Sir Winston Churchill, el gran viejo, alguna vez dijo que quien intentara hacer algo, podía fracasar; pero quien ni siquiera lo intentara, ya había fracasado.
Como dice el sabio vulgo, la fiebre no está en las sábanas. El error radica en que, como responsables del futuro de la empresa, nos atenemos a lo conocido, no nos atrevemos a penetrar en la oscuridad de lo nuevo, bien equipados con la luz de nuestra tenacidad, de nuestras reflexiones, de nuestros juiciosos análisis, hechos con la prontitud que la globalización exige; de nuestros conocimientos profesionales, de nuestro olfato como expertos en el asunto.
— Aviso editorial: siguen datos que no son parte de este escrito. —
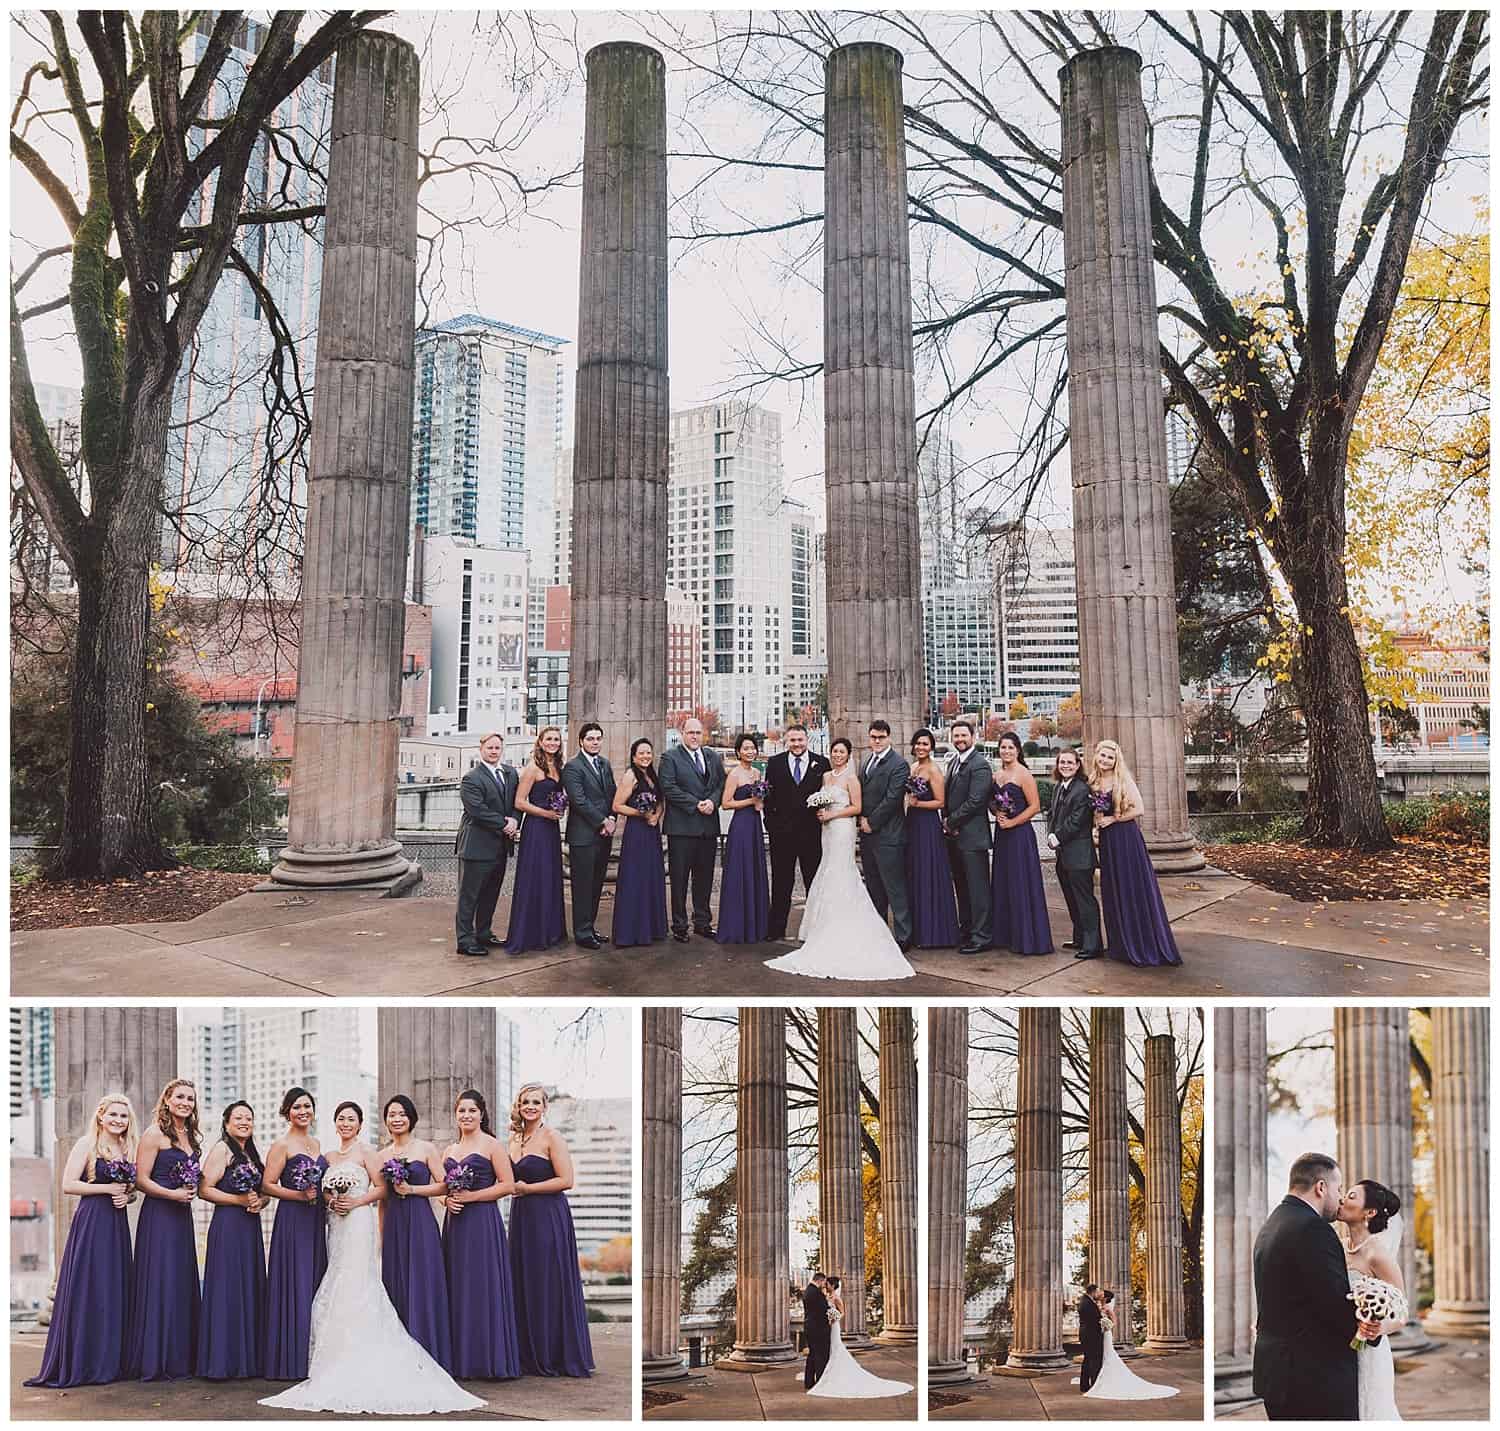 Hotel Sorrento wedding venue in Capitol Hill Seattle by Kyle Goldie of Luma Weddings

Es decir: no tenemos espíritu innovador.
Innovar no es arrojarnos al abismo, a cuerpo limpio, para ver si salimos vivos de la caída; no es tirarnos al paso del tren, para averiguar si somos más resistentes que la locomotora.
Innovar es reflexionar hacia lo profundo, con gran agilidad; lanzarnos hacia la geografía compleja de lo nuevo, armados con los eficaces recursos de la inteligencia, del saber, sin prejuicios a bordo, despojados de mohosos convencionalismos, protegidos por los resultados de oportunas investigaciones y sujetando una bien provista cartera de planes alternativos que nos permitan sortear, con total solvencia, los naturales y frecuentes tropiezos que toda innovación lleva, ínsitos, en su frágil pero esencial estructura.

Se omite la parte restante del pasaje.